ミコといればこんなことがきっと繰り返される。繰り返してきたからこそ、ミコはきっと他人が死んでも表情を1つ変えなくなったのだ。
自分もいずれそうなるのだろうか。
僕は自分がまともな人間ではなくなったということを自覚している。でも、心だけは人間であろうとしていたのかもしれない。だから、いずれ自分が人の死に何も感じなくなるかもしれない。
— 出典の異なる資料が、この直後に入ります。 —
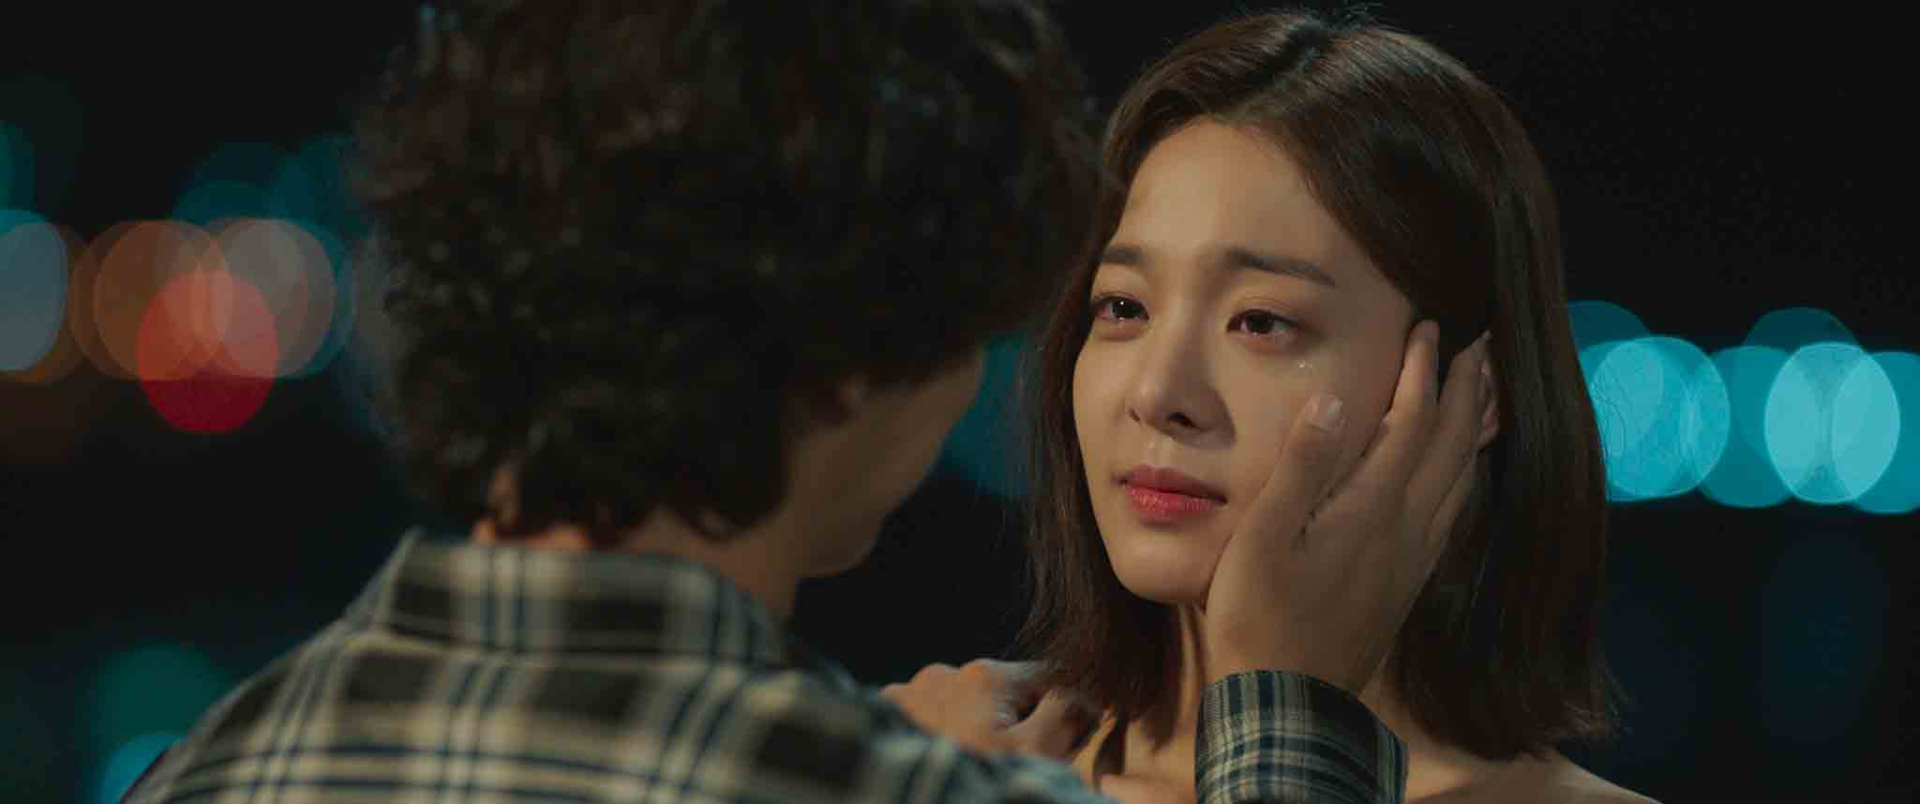 Nhân vật nữ chính Ara (diễn viên Seol In-ah thủ vai) là một nàng thơ xinh đẹp say đắm mùi hương của tình yêu.

そうなることが嫌だと思う反面、そうなれば今のようにならなくなるのだろうかと思うと、救いのような気もした。
それからも思考は静かな世闇に包まれる部屋の中で回り続ける。停滞したかのような時間の牢獄の中で。
いずれ意識も闇に呑まれた。幸いなことに、夢は何も見なかった。ただ暗い中に自分がいることだけは、ずっと自覚していた。
◇====◇ ====◇ ====◇ ====◇
朝はいつの間にか訪れていた。あれだけ時間の進みが遅いと感じていたのに、窓のカーテンから日が差し込んだ瞬間に、時間があっという間に過ぎたという感覚があった。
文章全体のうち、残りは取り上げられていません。